**Collected material**:
::::::

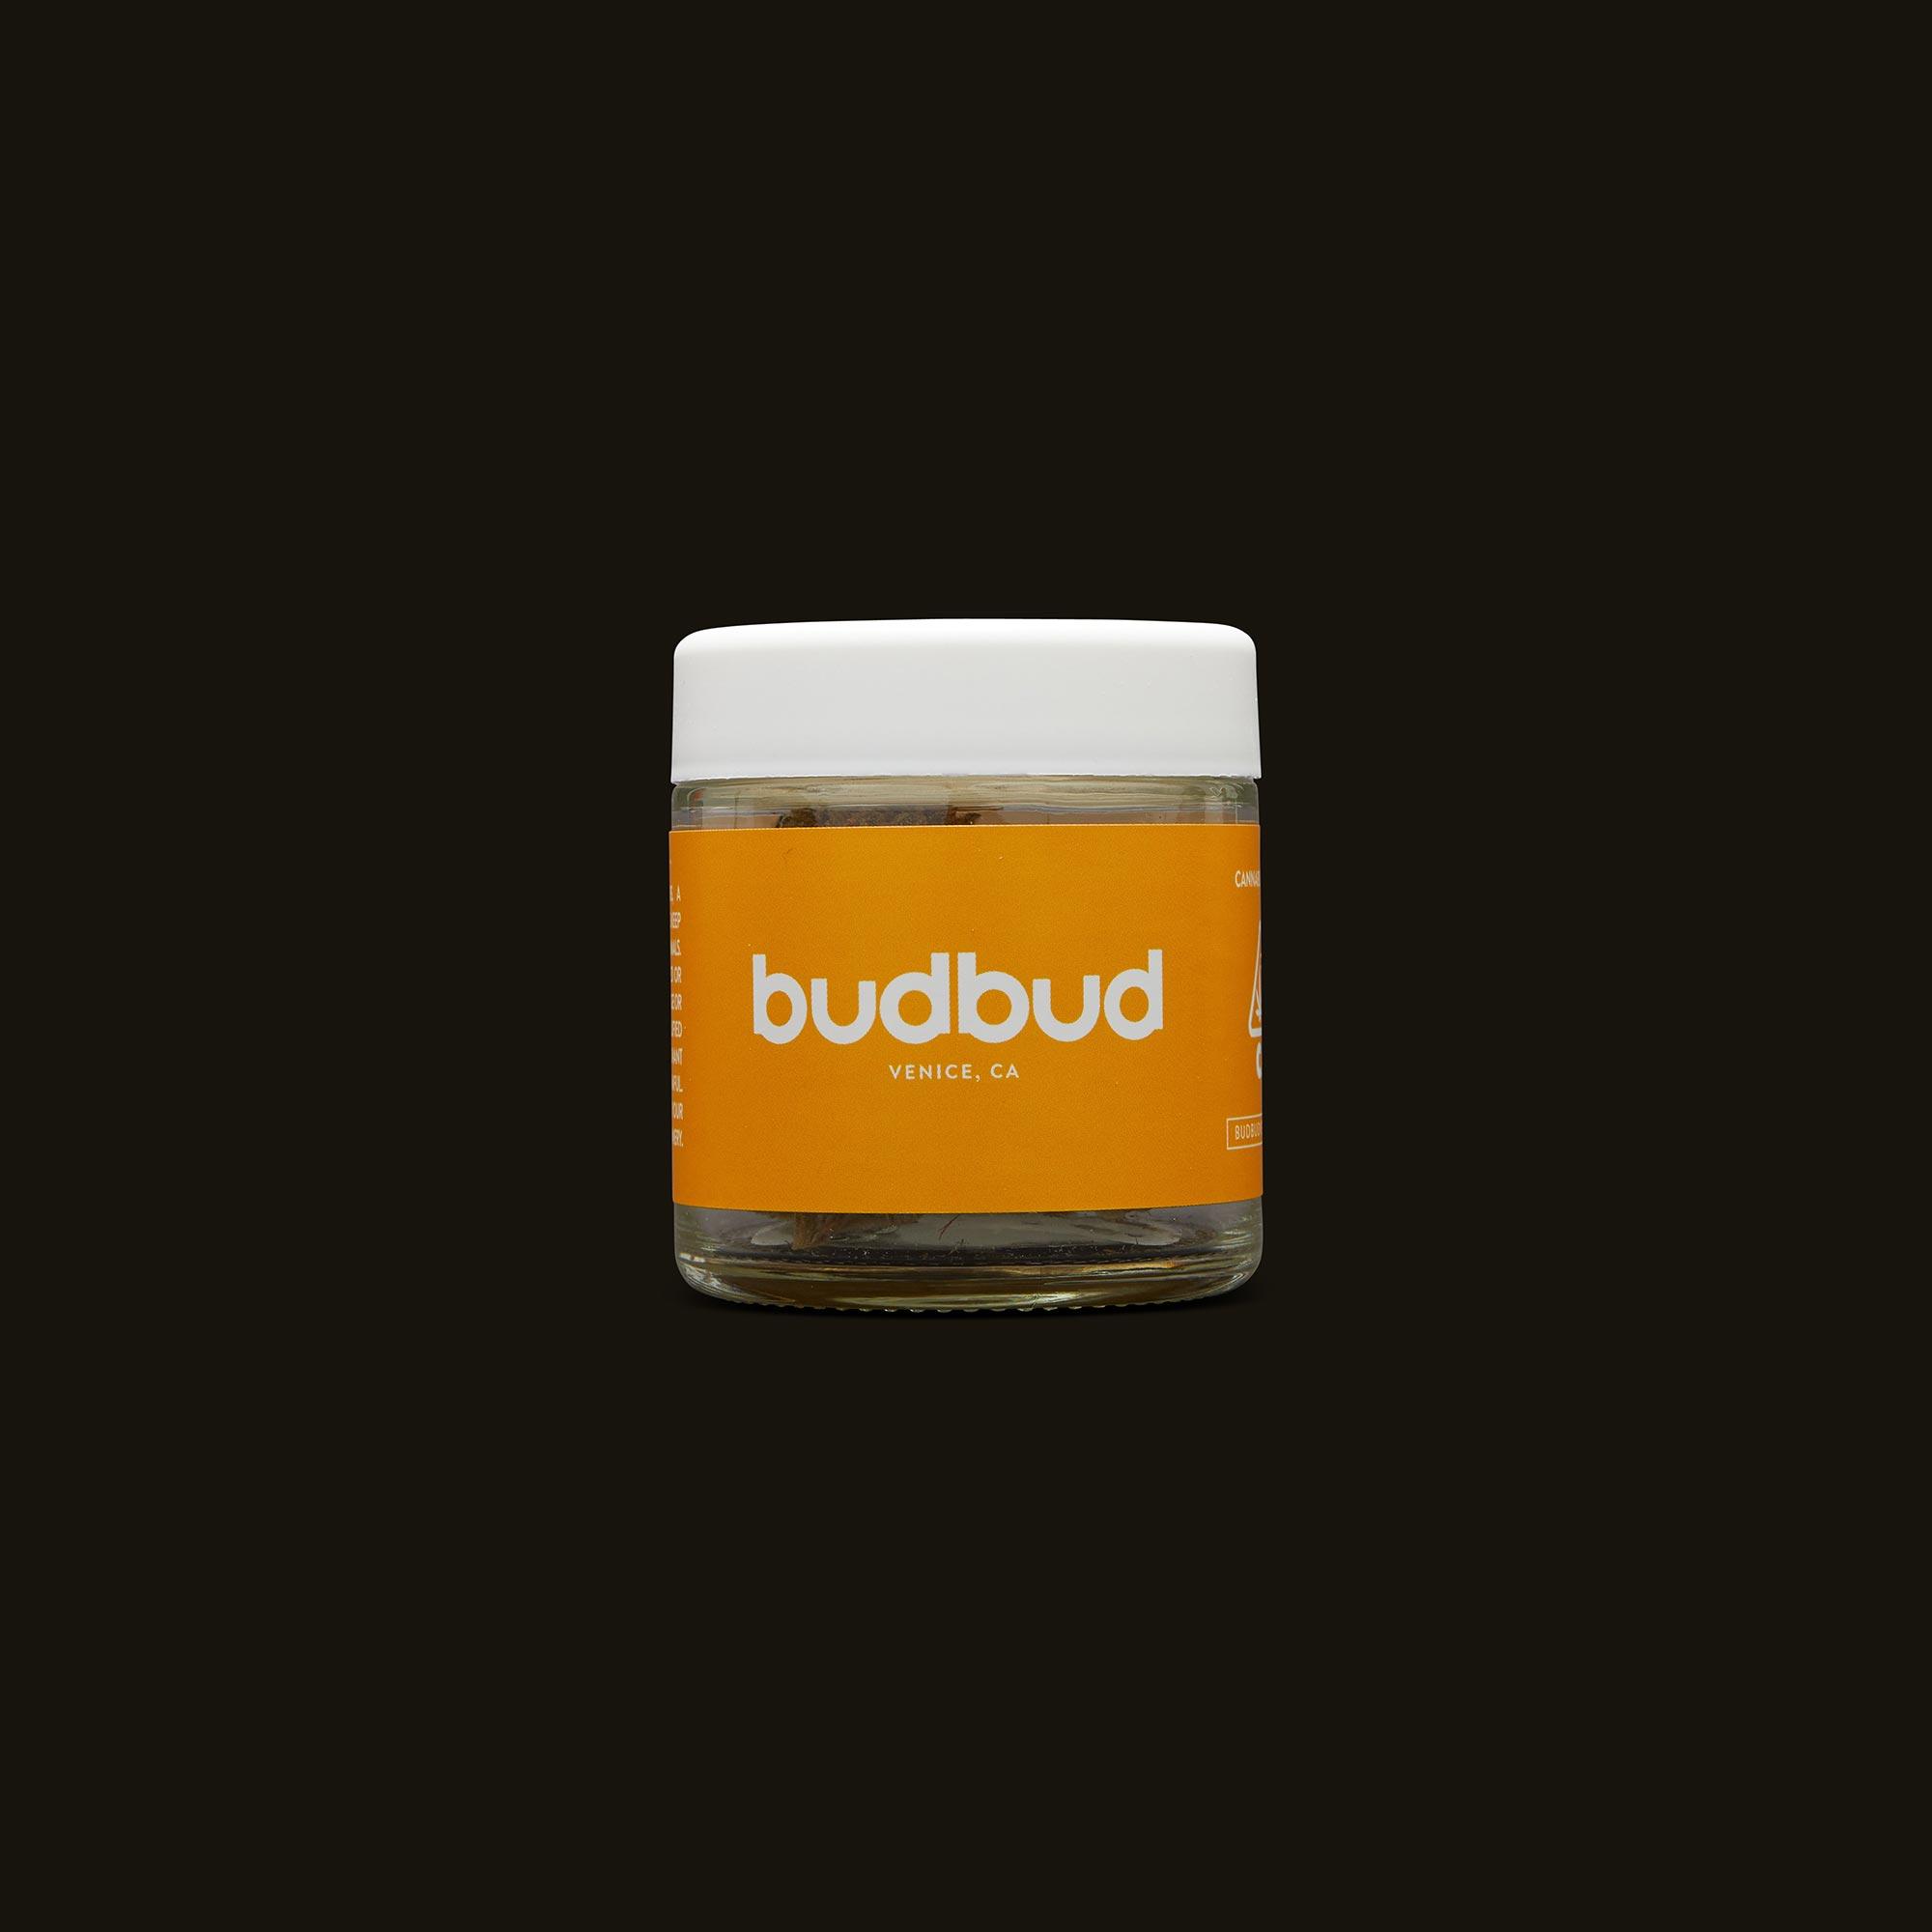 budbud Lamb's Bread Jar
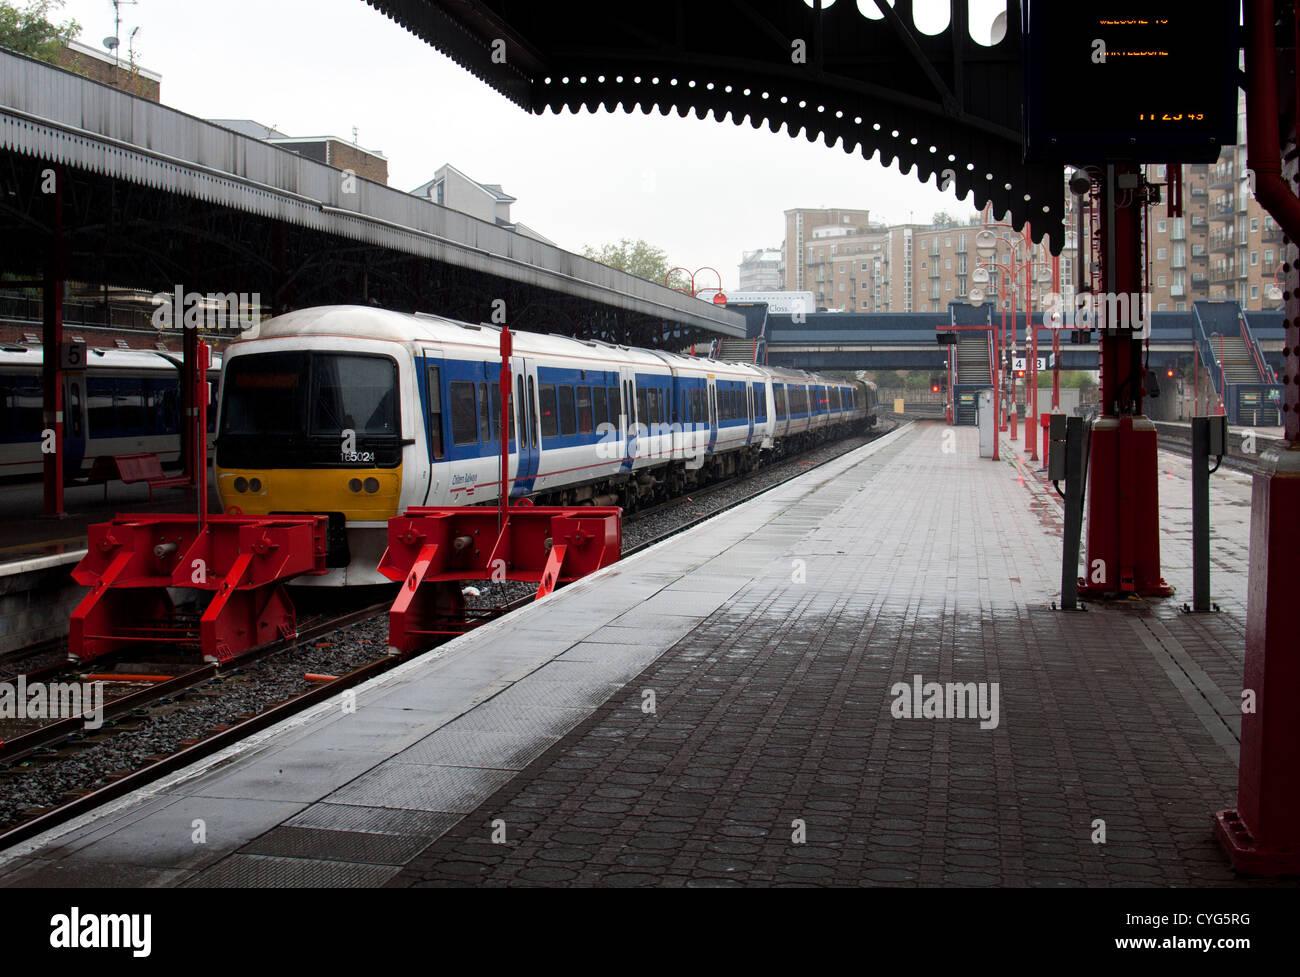 Marylebone railway station, London, UK - Stock Image
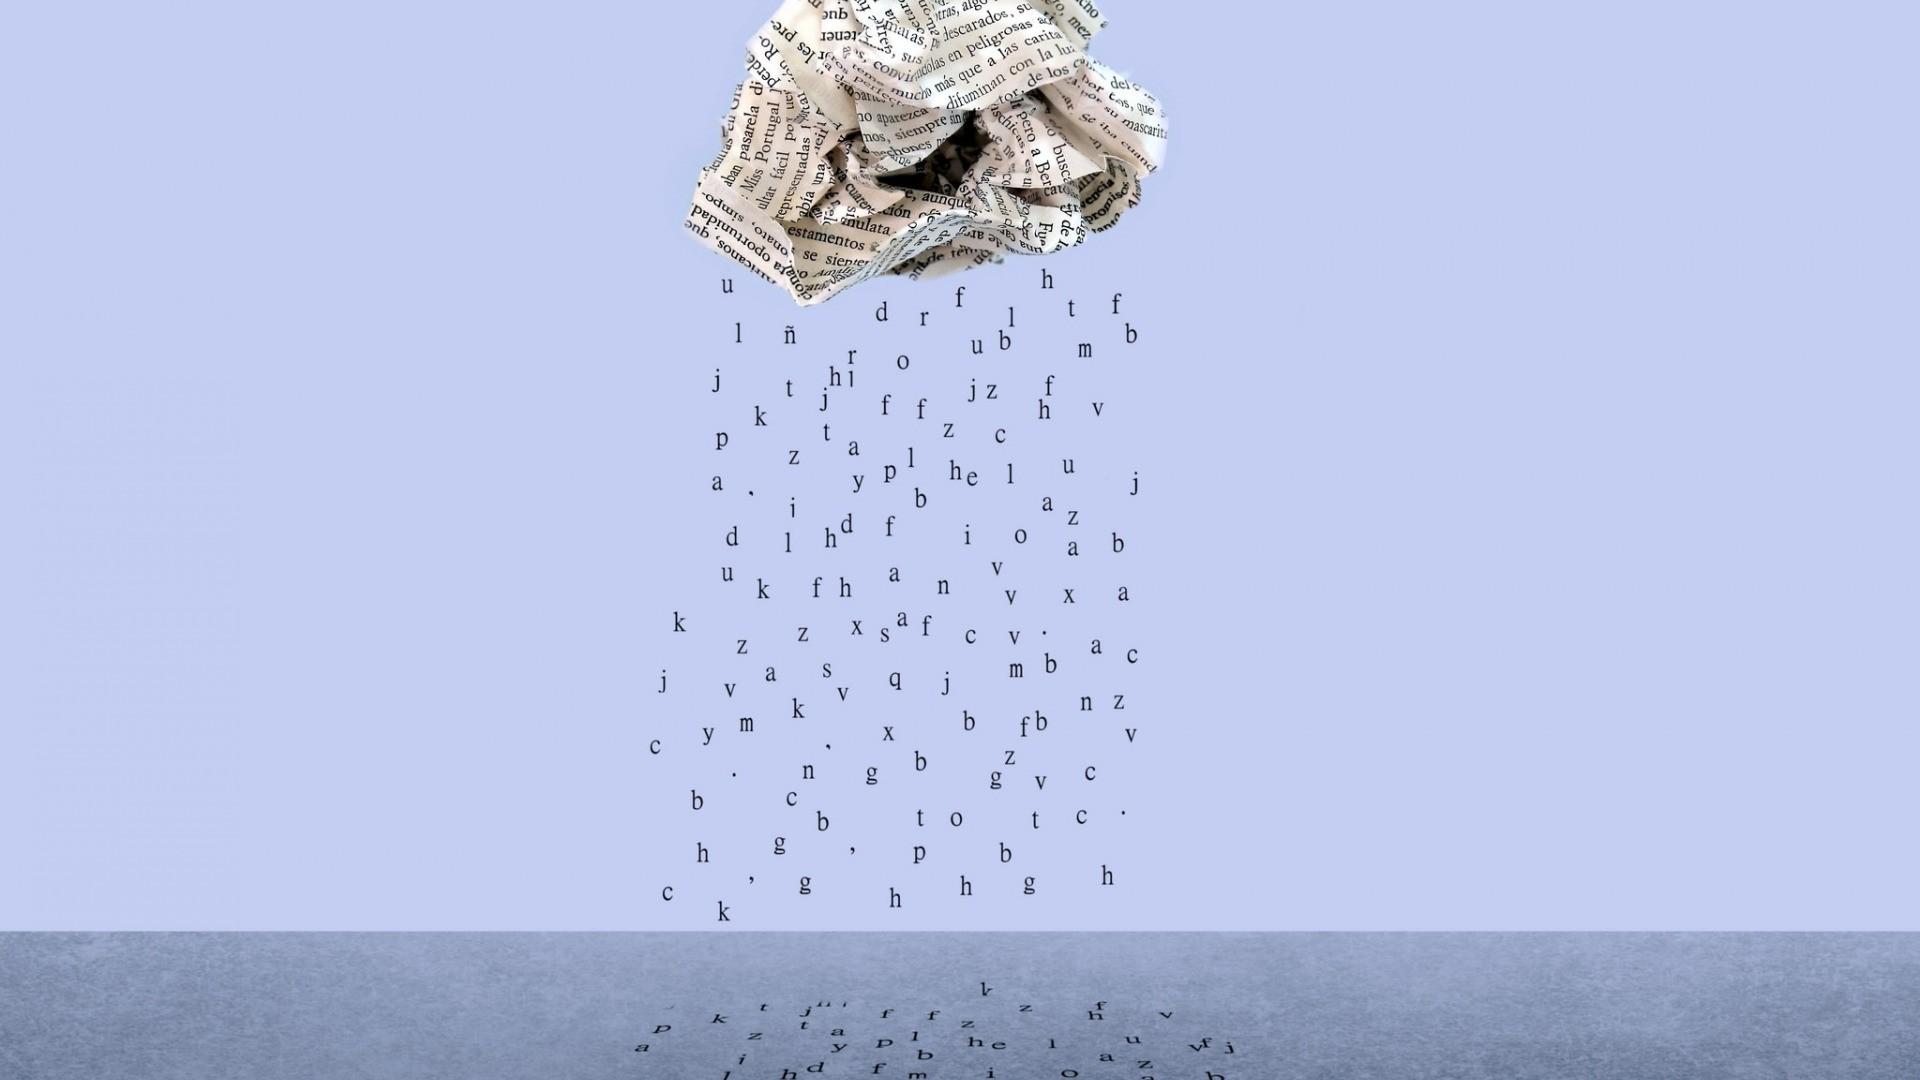 Rain Minimalist Wallpaper

::::::

In copying the listing, reproduce each line exactly and omit the pictures.

**Exercise output**:
 budbud Lamb's Bread Jar
 Marylebone railway station, London, UK - Stock Image
 Rain Minimalist Wallpaper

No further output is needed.